One version of the truth isn’t achieved by putting all your data in one big system or one big database – that’s impossible. An enterprise data warehouse is indeed part of the solution, but it needs to be built on a solid foundation. What does a solid foundation look like? Here are five pillars for one version of the truth.

  1. Establish a Metadata Management Office (MMO) that is responsible for usability and performance of the metadata system. This involves a disciplined approach to deriving value from a federated collection of repositories about data at rest, data in motion and data changes. Check out my prior post for more on this topic. The first pillar of the foundation is to have a permanent organizational group that is the equivalent of the accounting department for financial assets. Just like the accountants don’t make the investment or financing decisions, the MMO doesn’t define business terms or establish security policies, but they can tell you where the data is and how it’s changing.
  2. Implement a Business Glossary or Data Dictionary based on logical models for business domains and data stewards to maintain the definitions. Note that I didn’t say “an enterprise logical model.” While enterprise reference models are indeed valuable for strategic alignment and business transformation planning, logical data models are most often successful at the business domain level since they generally die under the weight of complexity at the enterprise level. Furthermore, note the term “maintain” – definitions are not static and need owners to keep them relevant as the world turns and the business and IT evolve. This is the second pillar for one version of the truth. Often-times multiple versions of the truth is a definitional problem in the eyes of the beholder – it’s not the data’s fault.
  3. Measure data quality on an ongoing basis.  It goes without saying that “you can’t manage what you don’t measure” yet many organizations still try to manage data without metrics which results in a piecemeal, ad-hoc and fire-fighting approach to improving data integrity. The third pillar is to get data clean and keep it clean by establishing data quality standards, measuring it regularly and communicating the results to both management and front line staff. In short, shine a bright light on data quality.
  4. Establish clear accountability for business systems and integration systems such as the enterprise data warehouse or MDM system.  Multiple versions of the truth are often a result of the same information being captured and stored in slightly different ways by different systems.  Before you can resolve the differences and identify the system-of-record or source-of-record, you need to know who to talk to.  Each system should have a business owner who drives the investment and prioritization decisions, an IT owner who leads the planning and change management activities, and an operations owner who is responsible for maintaining service levels and resolving production incidents. The fourth pillar therefore is a definitive list of applications (yes all of them in the organization) and clear accountability for each of them.
  5. Establish a Data Governance program to resolve disputes, define policies for data access, set priorities for data improvement initiatives and maintain a data risk register. For the data governance council to be effective, it needs input from the other four pillars, and it needs the other four pillars to implement and execute its policies and decisions. Data governance without DQ metrics, MMO data lineage or change impact reports, unclear system accountability, or a business glossary to communicate the results is like trying to govern by tribal knowledge. The fifth pillar therefore cannot stand on its own, and is an essential stabilizer for the other four pillars. For more on this topic, check out Rob Karel’s recent post on Informatica’s Data Governance Framework.

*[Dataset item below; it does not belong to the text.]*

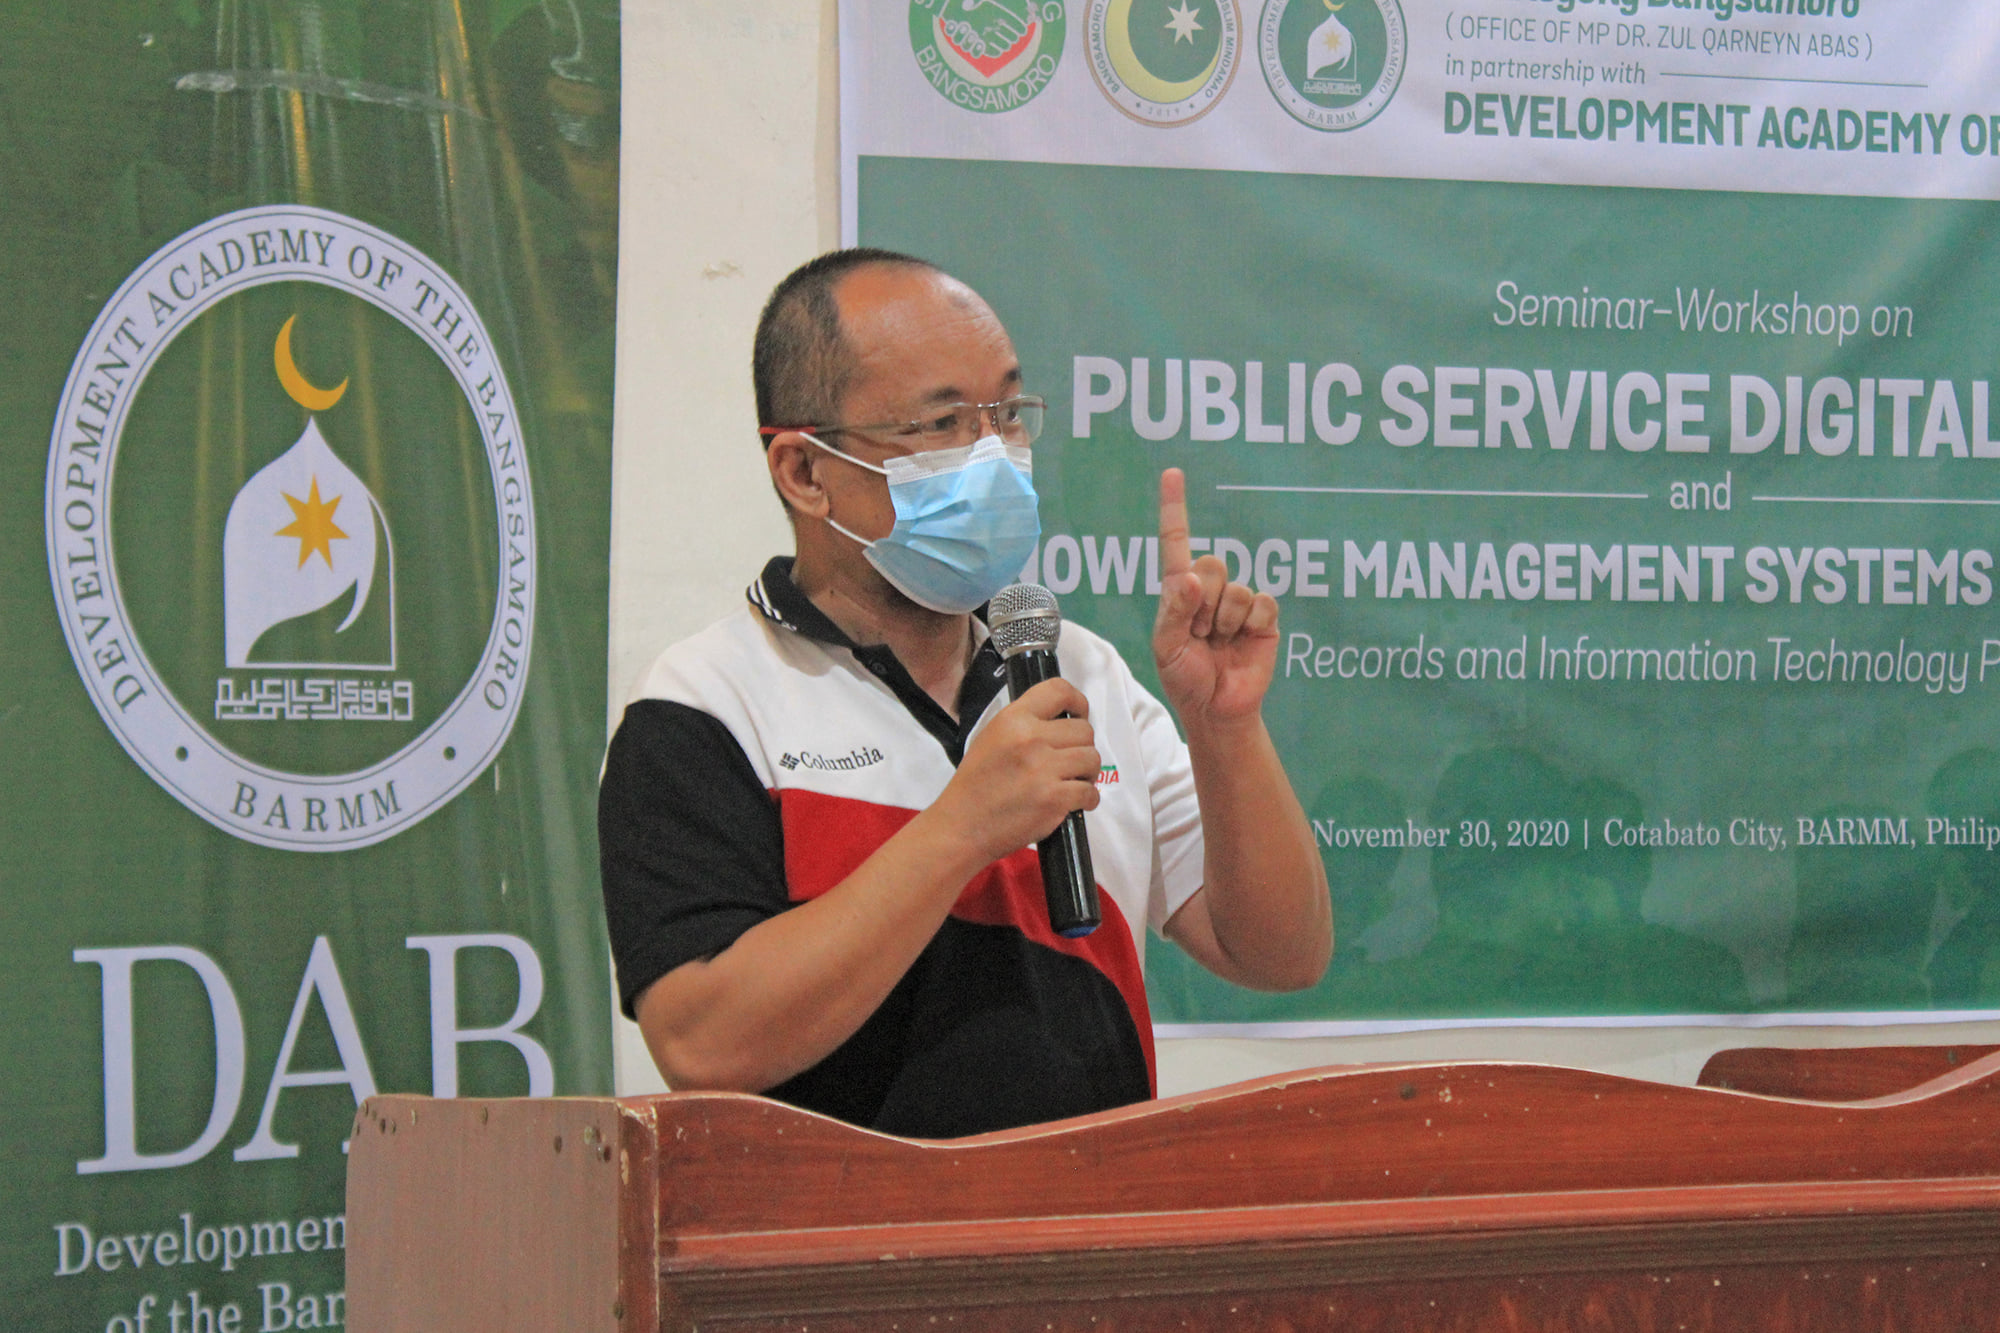 seminar-workshop on Public Service Digitalization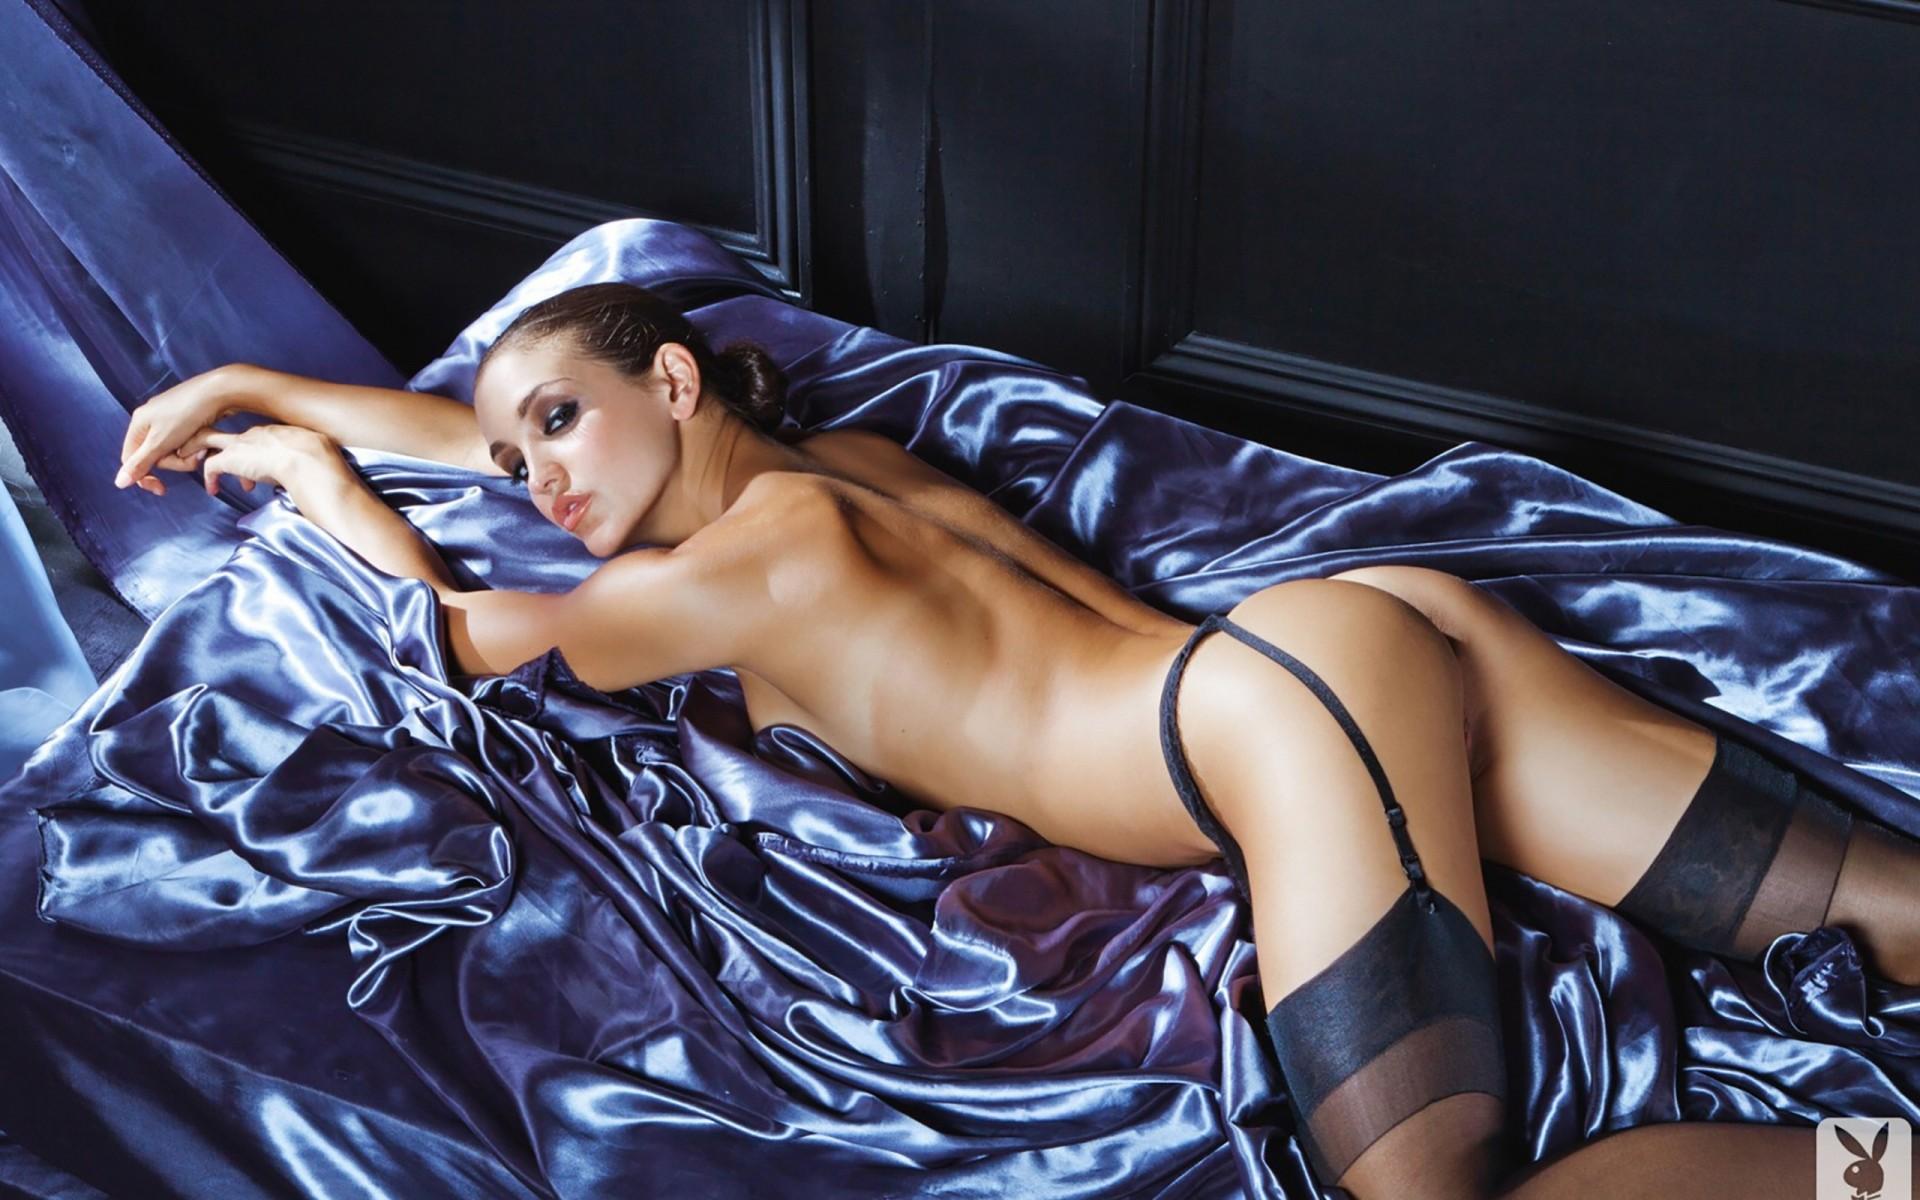 kruglie-seksualnie-video-s-eroticheskih-fotosessiy-modeley

Before you are scared off by thinking “Wow, this is a tall order. We could never achieve all these disciplines in our organization.” You should know that it takes time to build these capabilities and you don’t need to be “perfect” with all of them from day one. It takes most organizations from two to five years to build mature capabilities in each area. The point nonetheless remains – achieving one version of the truth is not simply a technical problem – it is an agreement problem which requires discipline in all five pillars.

This entry was posted in Business/IT Collaboration, Data Aggregation, Data Governance, Data Integration, Data Integration Platform, Data Warehousing, Enterprise Data Management, Integration Competency Centers, Master Data Management and tagged , , , , , , . Bookmark the permalink.

6 Responses to So You Want One Version Of The Truth?

  1. “get data clean and keep it clean by establishing data quality standards, measuring it regularly and communicating the results to both management and front line staff.”

    It’s so important that everyone be kept in the loop to ensure data quality. If different teams approach data management differently than there is also going to be a disconnect. Everyone needs to know their role and what’s expected.

  2. Sanjay Pande says:

    While your recommendations are all good and do stand, there is a core disconnect on the whole “single version of the truth” myth.

    Yes, I said myth and it plagues our industry.

    The focus should be an accurate reflection of the state of the data at a point in time which is a technical problem and easily solved.

    Truth is subjective and it’s acceptable (or should be acceptable) for different versions of what the data stated at points in time to be reflected. The whole pursuit of the single version of the truth is the cause of money sinks. Manipulating/transforming the data to achieve this lofty goal is also pretty much against every rule of compliance.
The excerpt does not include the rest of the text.